Thread 1 v1 = shared var; v1 = (v1 + 1) % 2; shared var = v1; ... (suspended) ... (suspended) ... (suspended)

Thread 2 ... (suspended) ... (suspended) ... (suspended) v2 = shared var; v2 = (v2 + 1) % 2; shared var = v2;

Table 1. The “normal” execution scenario: the steps of the two threads do not interleave. Thread 1 v1 = shared var; v1 = (v1 + 1) % 2; ... (suspended) ... (suspended) shared var = v1; ... (suspended)
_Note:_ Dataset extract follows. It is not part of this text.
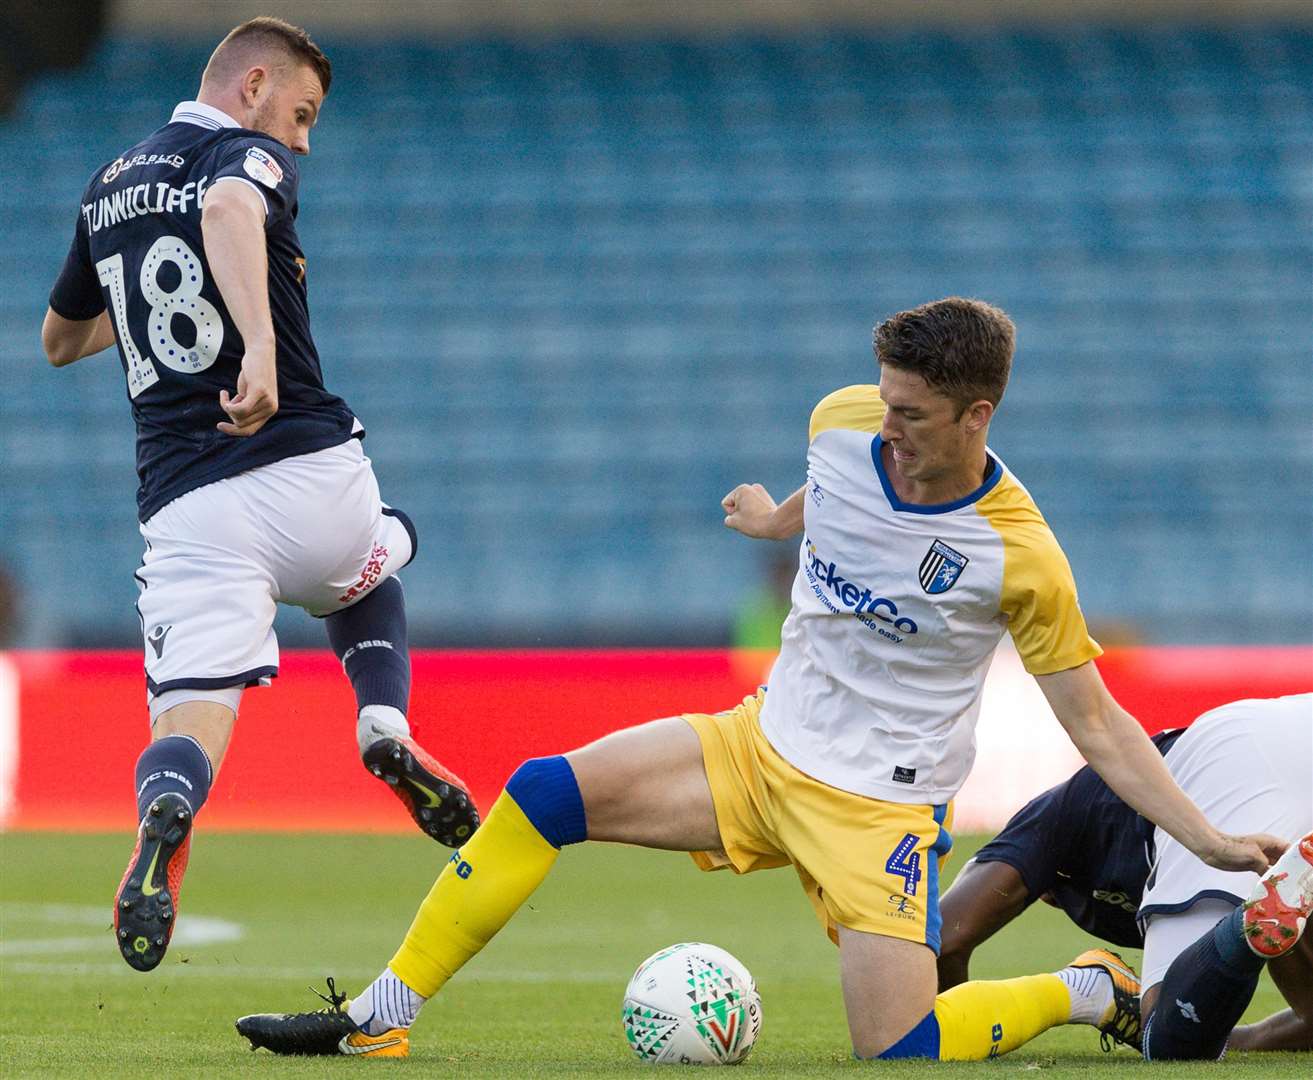 Alex Lacey wins the ball under pressure from Millwall's Ryan Tunnicliffe Picture: Ady Kerry

Thread 2 ... (suspended) ... (suspended) v2 = shared var; v2 = (v2 + 1) % 2; ... (suspended) shared var = v2;

Table 2. The “abnormal” execution scenario: the steps of the two threads interleave.

2. Related Work The vast majority of software generators are PRNGs. They are based on the system clock, mathematical algorithms, for which the current output is a function of the previous output, and network statistics etc. Our generator is based on the correlation of cache misses, hardware clock imprecision and execution delays within the processor’s pipeline. Compared with other software strategies, which generate random numbers monitoring various and unpredicted actions of user [8] (e.g. mouse movements, keyboard keys pressing etc.) or events occurring in the system (e.g. interrupts from network card), our application takes implicitly such factors into account due to the fact that they influence the scheduler decisions, our strategy is based on. Another difference is that our startegy needs no seed. This is a solid argument that our application generates true random sequences of numbers. For example, the PRNG implemented in Java [14], which is fast and passes around 90% of the NIST tests, requires a seed for initialization. Our application does not need such an input to function properly and passes over 90% of the NIST tests.

3. The Strategy The idea of our work is to create more threads of the same application that access concurrently and unsynchronized a shared variable. We promote race conditions during

threads’ execution, which can lead to unpredictable results in different runs of the same application. The threads modify the shared variable in three steps: (1) read its value into another local working variable, (2) modify the read value in some way (e.g. increment or decrement) and (3) write the final value from the local working variable into the shared variable. Race conditions occur because the three steps executed concurrently by different threads can interleave in different ways, resulting in different values of the shared variable in different runs of the application. Race conditions in our case can basically lead to two different execution scenarios described in Table 1 and Table 2. The normal execution corresponds to the case the context switch occurs after the current thread succeeds executing all three steps corresponding to variable’s manipulation. The abnormal execution corresponds to the situation in which the context switch occurs before the update step is executed, letting the next concurrent thread read an inconsistent value of the shared variable.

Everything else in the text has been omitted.